Tony Estanguet, le président du Comité d'organisation des JO 2024, en discussion avec la maire de Paris Anne Hidalgo. — Louise MERESSE/SIPA
  • Le groupe EDF est devenu mardi le deuxième sponsor premium des Jeux olympiques de 2024.
  • Une annonce qui a fait l'unanimité au sein du CA du comité d'organisation, quelques mois après la polémique concernant Total et au lendemain de l'arrivée embarrassante d'Airbnb comme sponsor du CIO. 

Au moins, pour celui-là, il n’y a pas eu débat.

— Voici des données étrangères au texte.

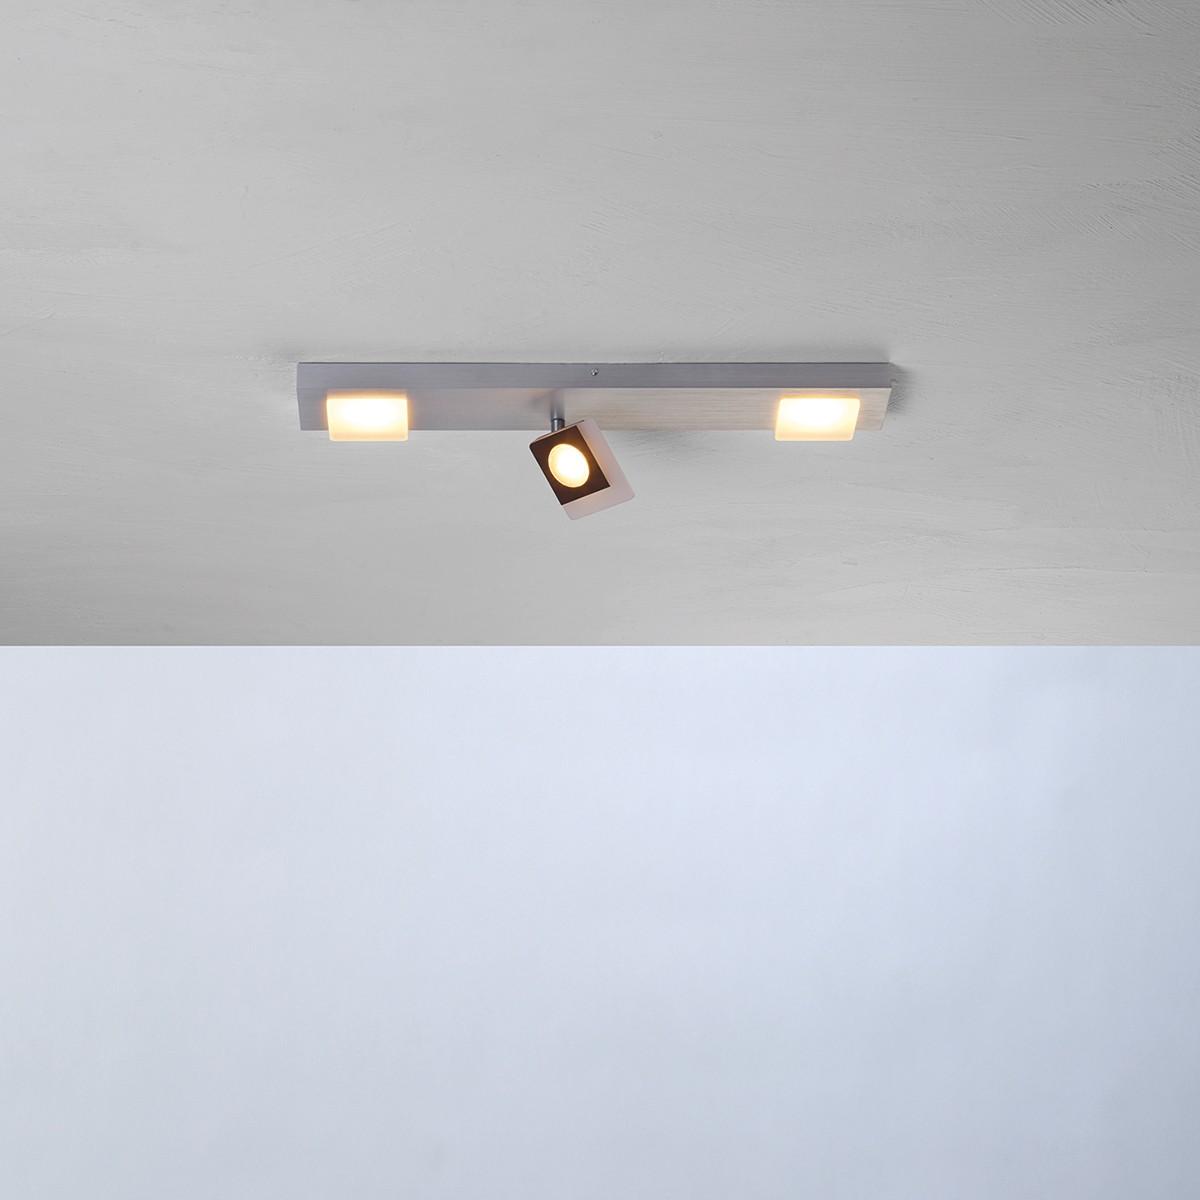 Bopp Session LED Deckenleuchte, 3-flg., Aluminium geschliffen

Après les prises de bec au sujet de Total et au lendemain de l’annonce de l’arrivée d’Airbnb parmi les principaux sponsors du Comité international olympique (CIO) qui a déclenché l’ire de la mairie de Paris, le comité d’organisation des JO-2024 (Cojo) a officialisé ce mardi la signature d’un partenariat avec EDF. « Il y a eu un soutien unanime du conseil d’administration », a précisé dans un sourire le patron du Cojo, Tony Estanguet, conscient des remous des dernières semaines.

EDF devient ainsi le deuxième partenaire premium des Jeux parisiens, après le groupe bancaire BPCE. Il s’agit du rang le plus élevé pour les sponsors nationaux, et si aucun chiffre n’a été rendu public lors de la conférence de presse au siège de l’entreprise française, le montant habituel pour ce type d’accord se situe autour des 100 millions d’euros.

« Total était un problème majeur »

« Nous avons un lien fort avec les sportifs depuis 30 ans, a rappelé Jean-Bernard Lévy, le PDG d’un groupe présent aux côtés des Fédérations de football, de natation ou de canoë. L’objectif est que ces Jeux soient les plus verts de l’histoire, et notamment les premiers à être neutres en carbone. EDF veut aider Paris à atteindre ses objectifs environnementaux. » Le champion du nucléaire, qui vante son rôle dans la transition énergétique, sera le fournisseur officiel d’électricité et de gaz pour l’événement. L’ambition des deux parties est que la totalité des sites soient approvisionnés en énergie renouvelable.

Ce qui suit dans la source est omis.